_Data section_.

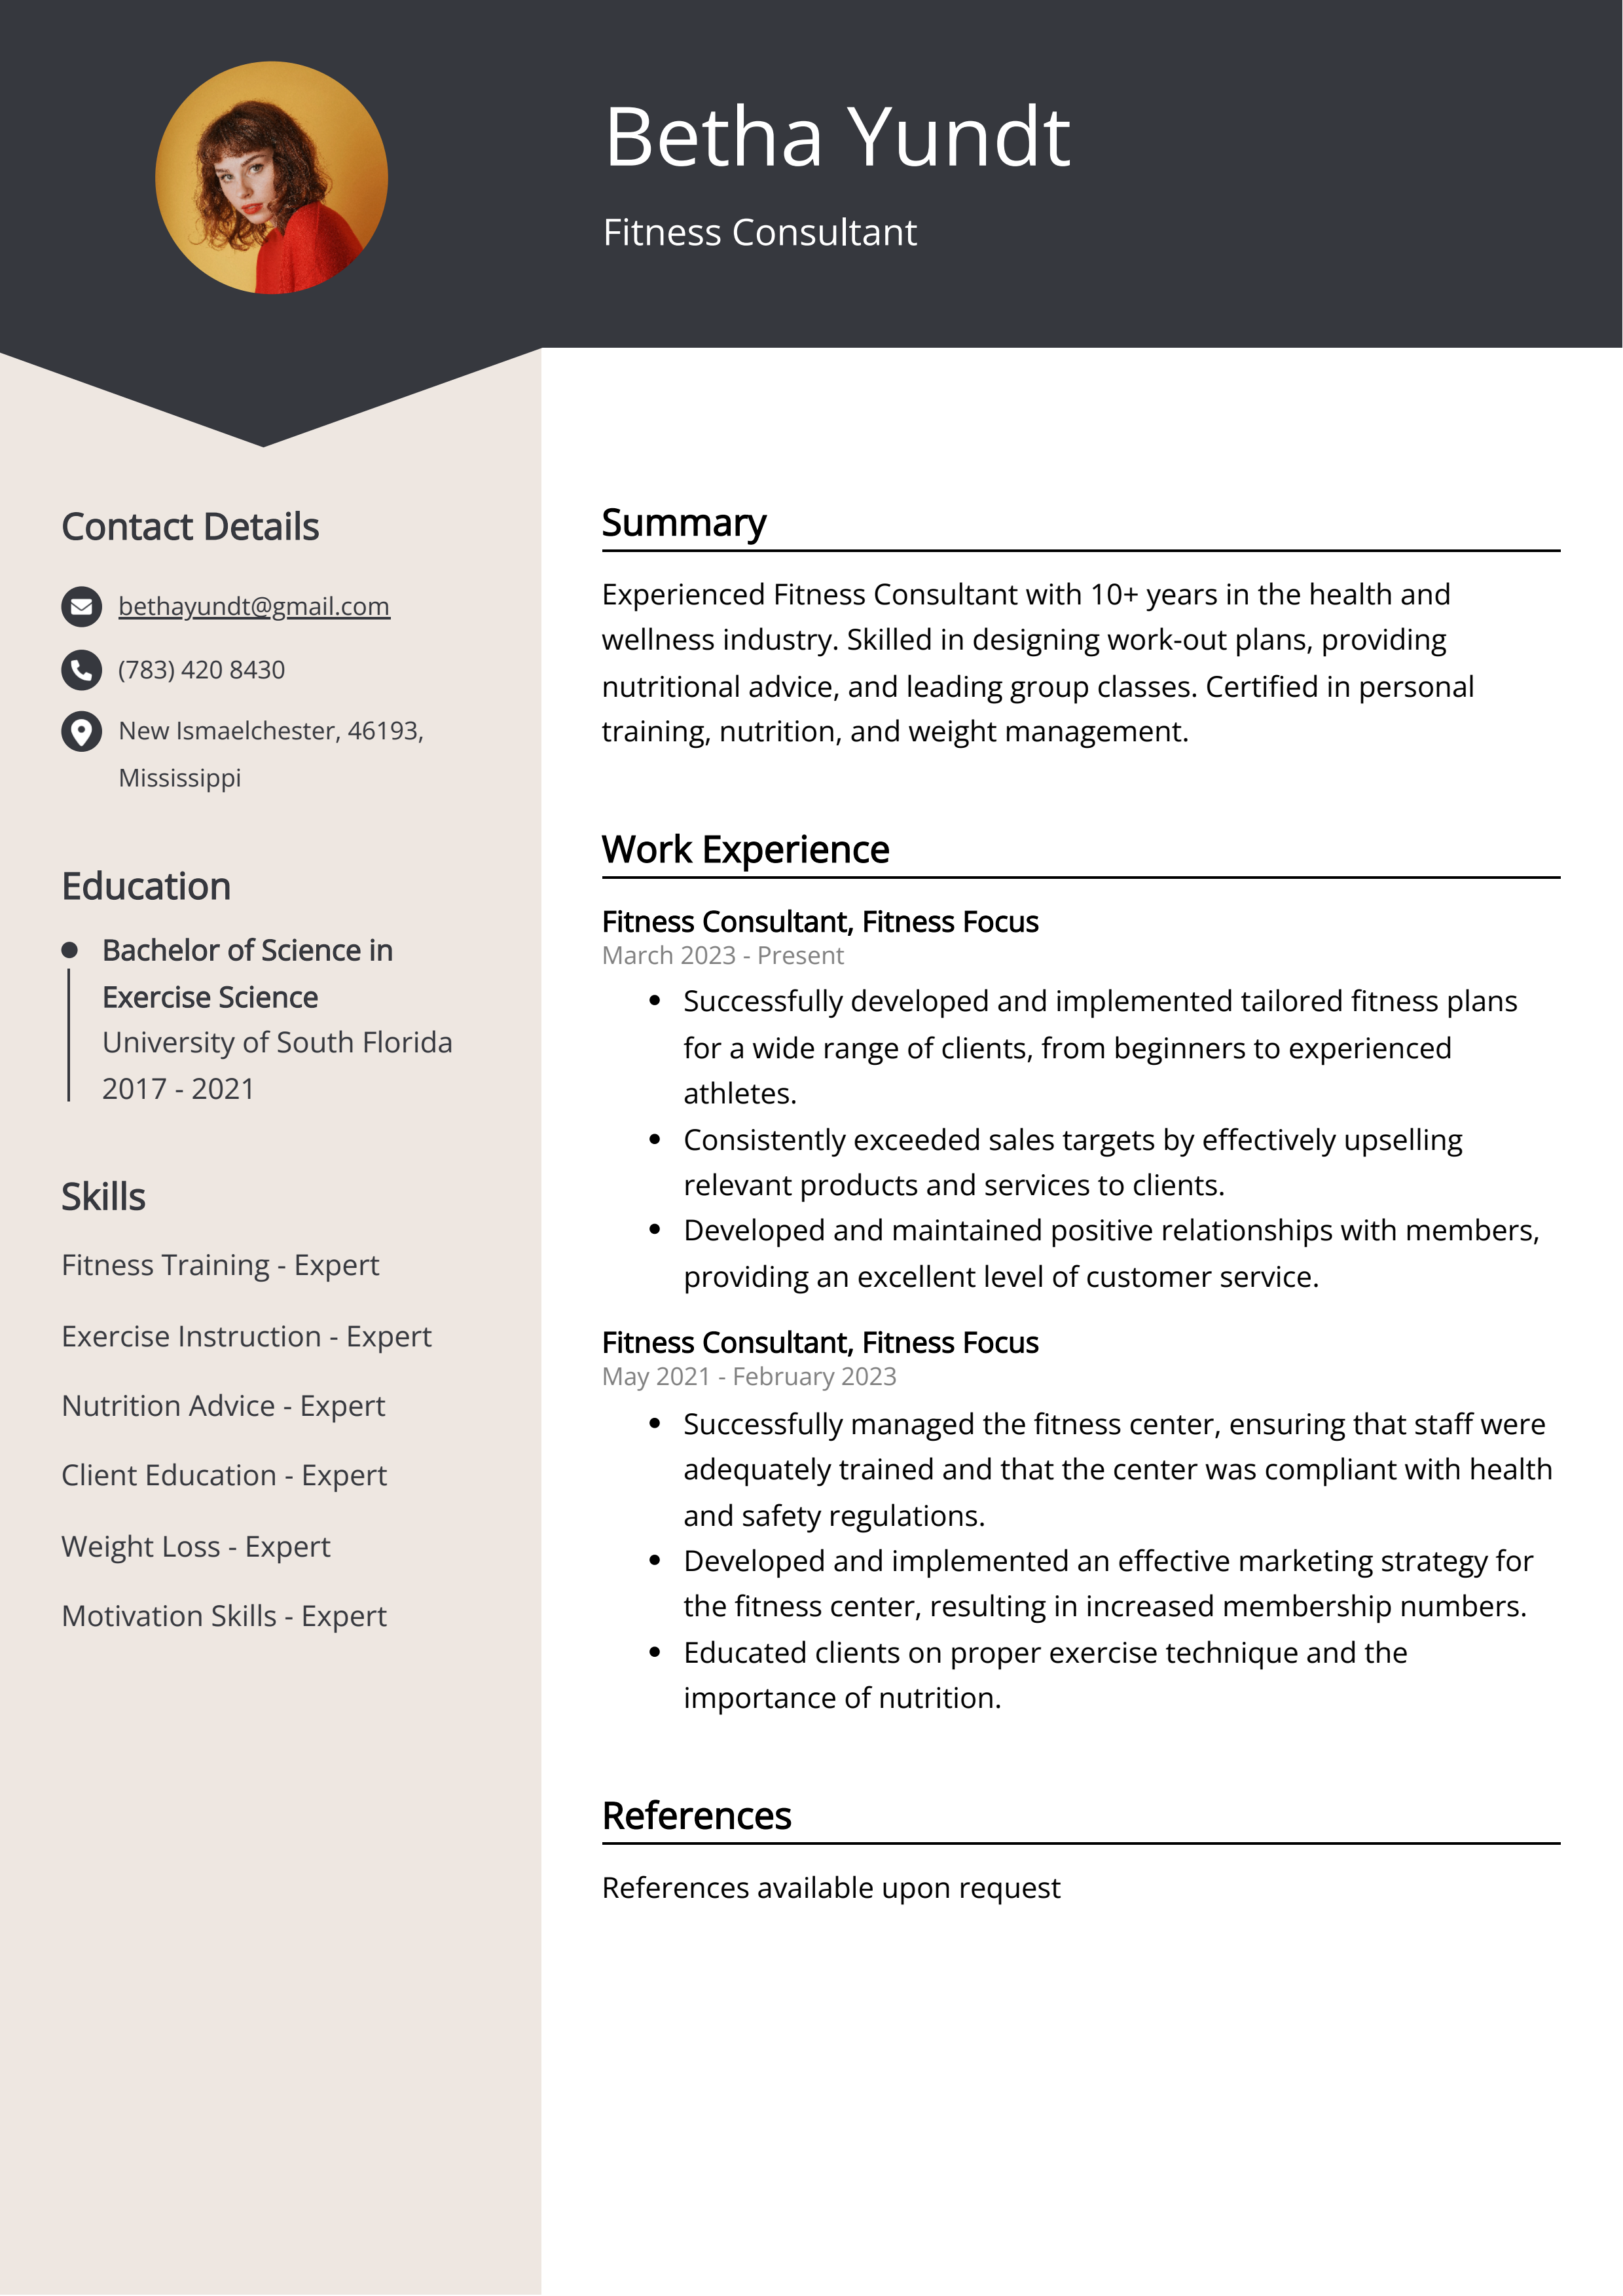 Fitness Consultant CV Example
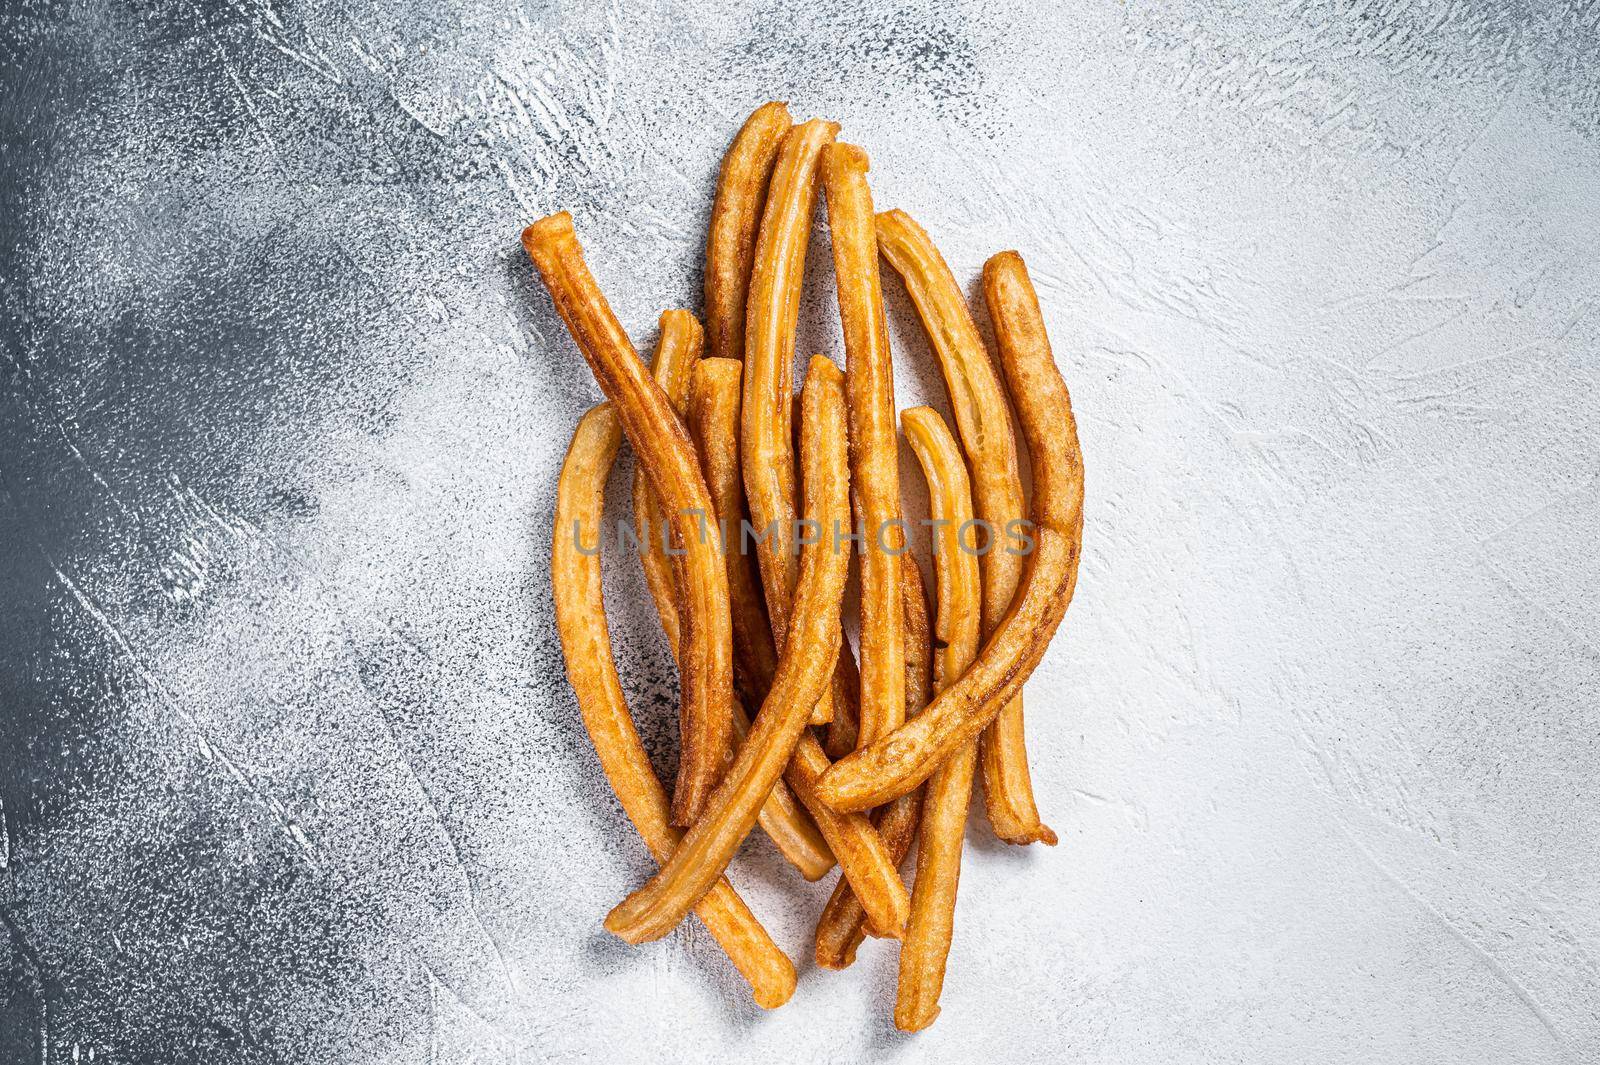 Churros fried sticks on kitchen table. White background. Top view.
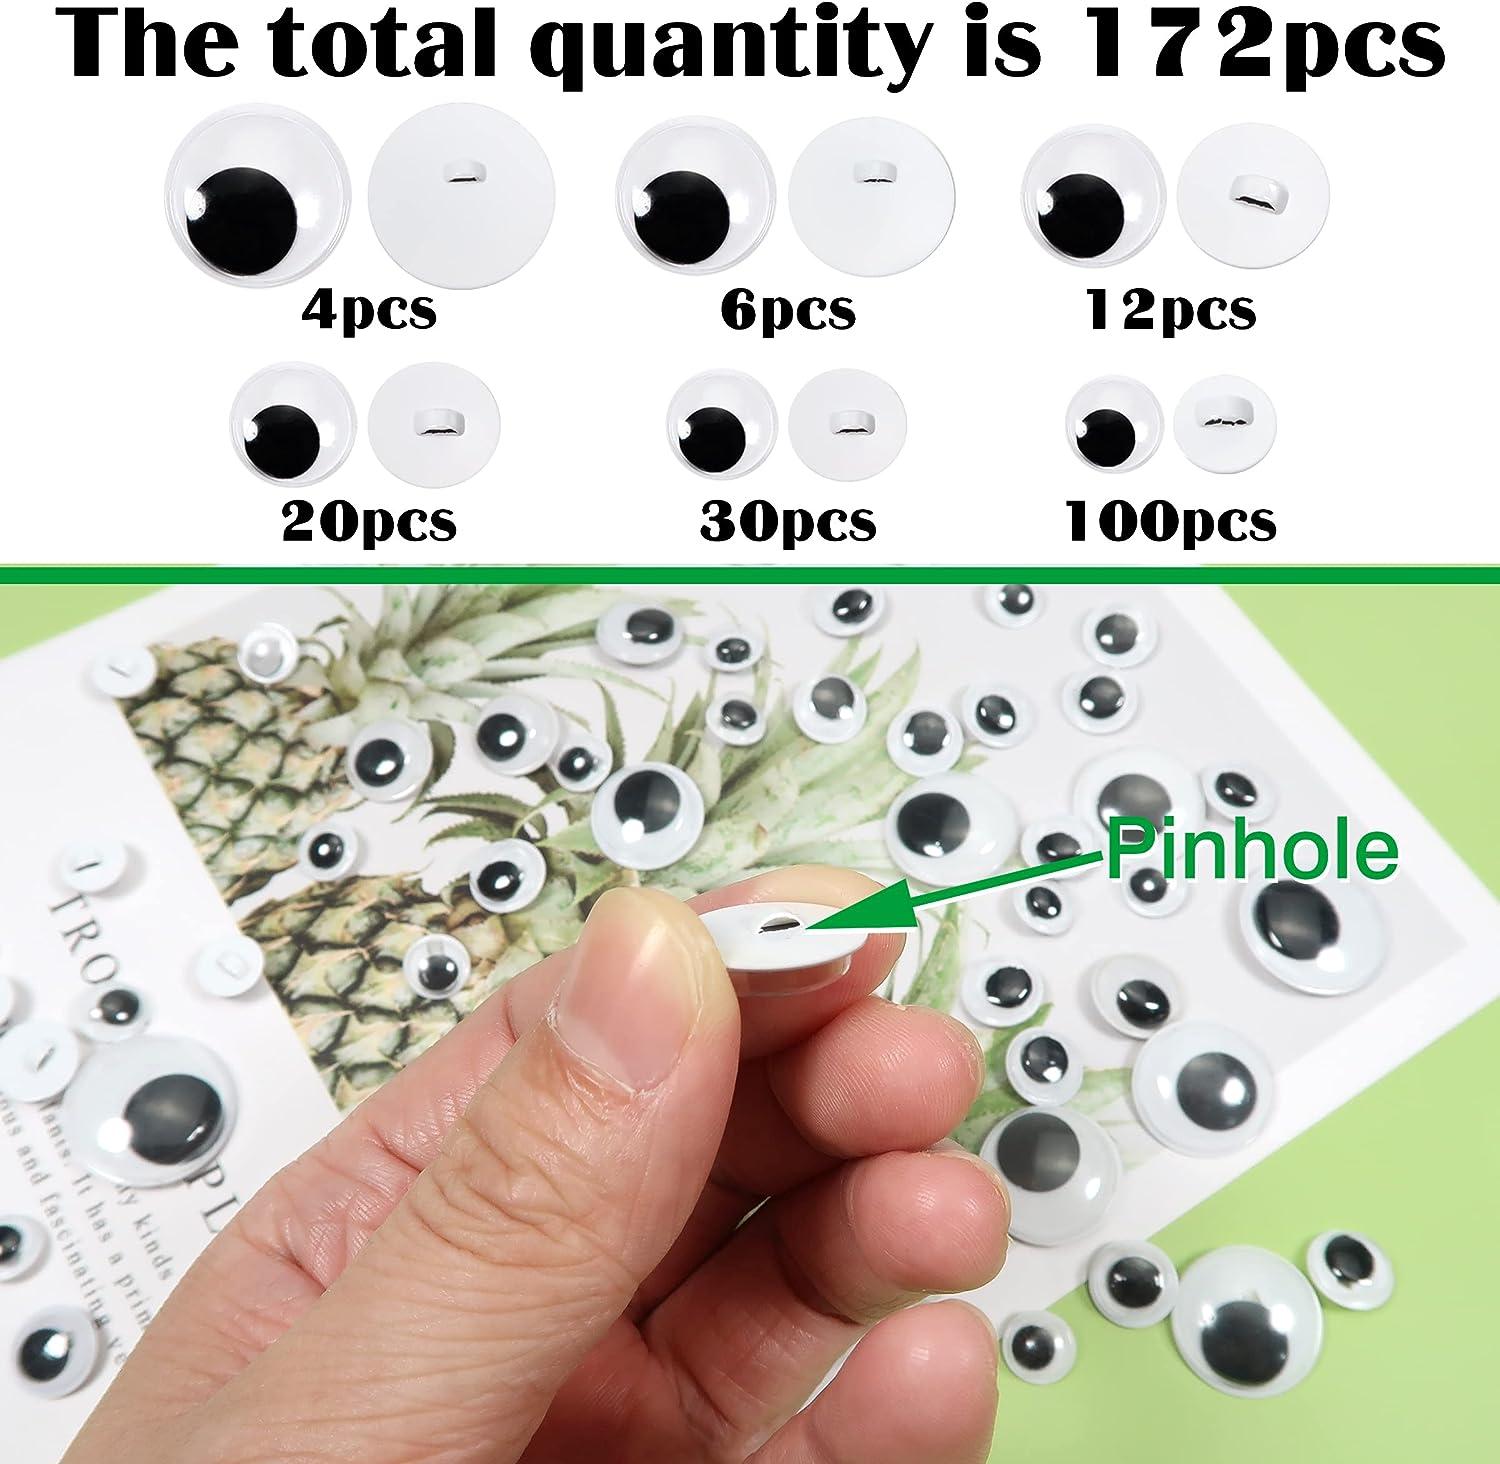 TOAOB 172pcs Sew On Googly Wiggle Eyes Buttons 8mm to 20mm Assorted Sizes  Black Round Plastic Eyes for DIY Stuffed Animals Scrapbooking Sewing Crafts

_Task details_.
Ignoring the pictures, write out word for word the lines from the line containing "Churros fried sticks" through the end of the material above.

_Finished exercise_.
 Churros fried sticks on kitchen table. White background. Top view.
 TOAOB 172pcs Sew On Googly Wiggle Eyes Buttons 8mm to 20mm Assorted Sizes  Black Round Plastic Eyes for DIY Stuffed Animals Scrapbooking Sewing Crafts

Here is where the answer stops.